Internal segregation, or “academic tracking,” takes place as early as elementary school, when students have the option to be placed in “gifted” programs. Placement, however, is often at the discretion of the teacher. A study by the National Education Foundation calls these groups – the gifted and the regular – by the names “Bluebird and Redbird,” labels that stick with students throughout their educational careers. By the time they reach high school, the labels “Bluebird and Redbird” are usually replaced by respective assignments to “College Preparatory” or “Vocational” classes (“Research Spotlight on Academic Ability Grouping”). But tracking, as it’s revealed in the story of Northridge, has a segregating effect not limited to learning styles. Opponents of the practice, according to the NEF report, “contend that ability grouping not only fails to benefit any student, but it also channels poor and minority students to low tracks where they receive a lower quality of instruction than other groups.” The disproportionate amount of Black students in “regular” classes – classes that often juggle students back and forth from ISI – thus becomes an overwhelming environmental cue received by Black and White students.
As Tatum stated earlier, these environmental cues usually become apparent as early as middle school. “There is usually a recognizable racial pattern to how children are assigned,” she says, which “sends a message about what it means to be Black” (Tatum 55). Ability status is then interpreted in many ways by Black students. In segregated, underfunded Camden High School, Kozol quotes the school’s principal, who alludes to the practices of Joe Clark:
“These little children cry out to be cared for. Half the population of this city is 20 years old or less. Seven in ten grow up in poverty… There is that notion out there… that the fate of all these children is determined from their birth. If they fail, it’s something in themselves. That, I believe, is why Joe Clark got so much praise from the white media. ‘If they’re failing, kick ‘em out!’ My heart goes out to children in this city. I’ve worked in upper-middle-class suburban schools. I know the difference” (Kozol 142).
She goes on to state that even in her school of few White students, tracking has negative effects: “We don’t call it tracking, no. But tell me that the children in Math I or in Math VI don’t know why they are there” (Kozol 144). In places like Northridge, though, these divisions are made clearer. As Sarah Thuesen comments in her book Greater Than Equal, the beginning of desegregation often meant “social isolation” for Black students entering White schools. While she speaks specifically of lunchroom scenarios, where handfuls of Black students were often isolated and ostracized by their peers, a statement she makes can be applied to more modern practices of ability tracking. “You are still segregated in this integrated school,” she says (Theusen 228). As stated crudely by a Black teacher at Camden High, the internalization, and later normalization of segregated classes is also universal, and it has a damaging effect. “Rats packed tight in a cage destroy each other,” he says (Kozol 142).
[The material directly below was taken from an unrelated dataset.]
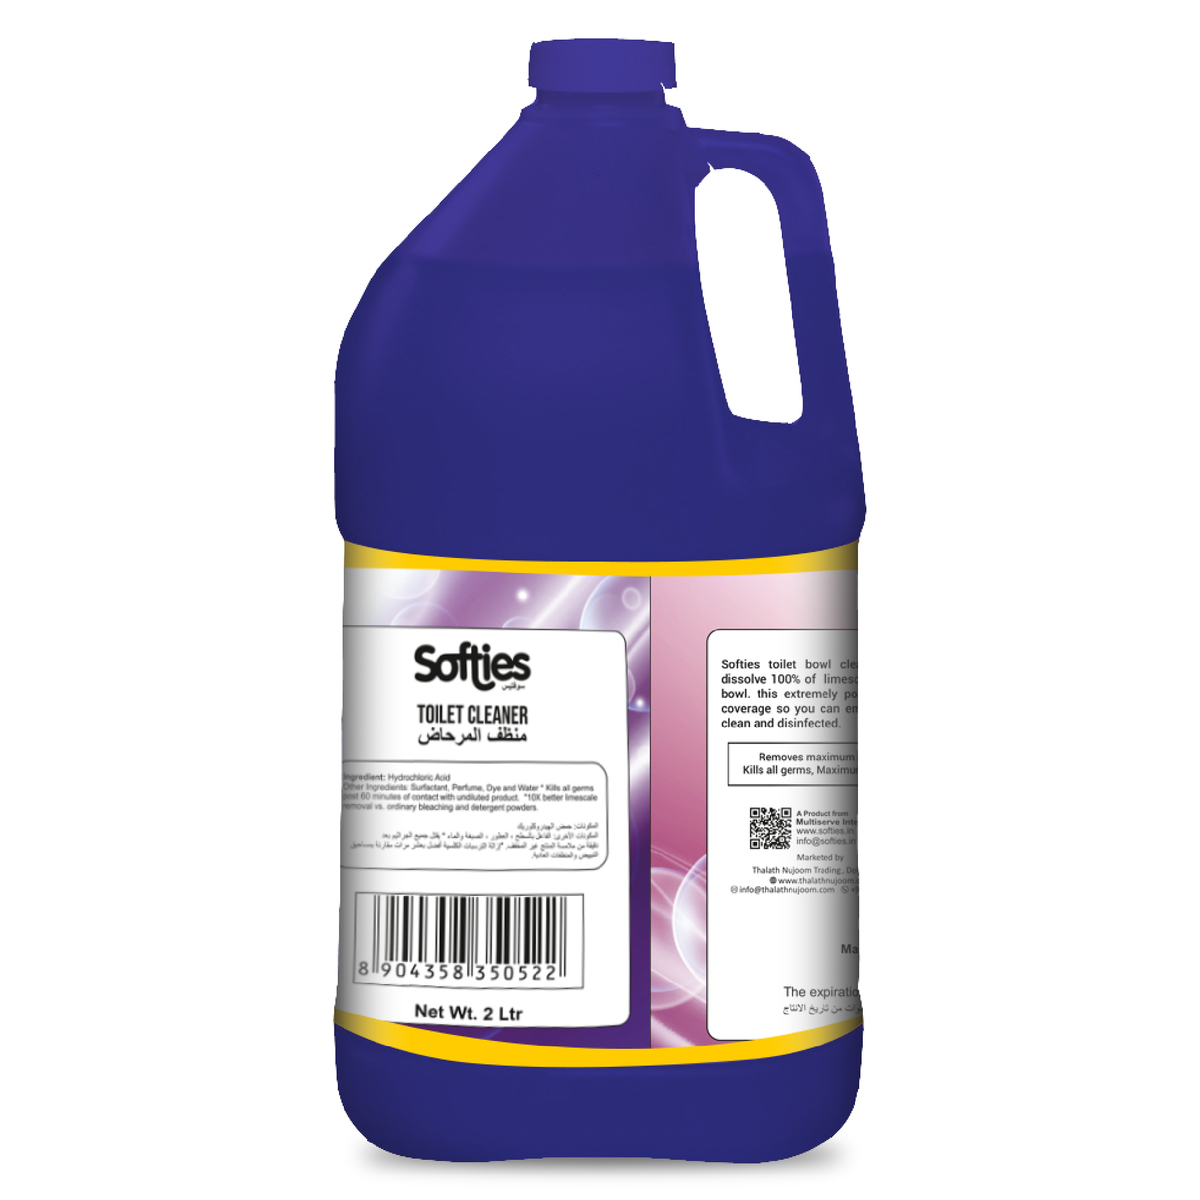 Softies Toilet Cleaner 2 Litres

Environmental Cues, Revisited
The racial patterns created by tracking are obvious to students, both Black and White, and this, as Tatum states, sends a message about what it means to be Black. In some schools, both “desegregated” and apartheid, these messages are intensified by the physical, rather than internal, school environment. Kozol describes an urban, majority-Black school on page 5, where police patrolled hallways behind guarded doors that said things like “DRUG-FREE ZONE.” “It was simply the impression that these urban schools were, by and large, extraordinarily unhappy places,” he says. The jails to which Joe Clark’s students were exiled are almost indistinguishable from the school environments in Kozol’s piece. And, as threats of “safety” rise, these conditions only become worse.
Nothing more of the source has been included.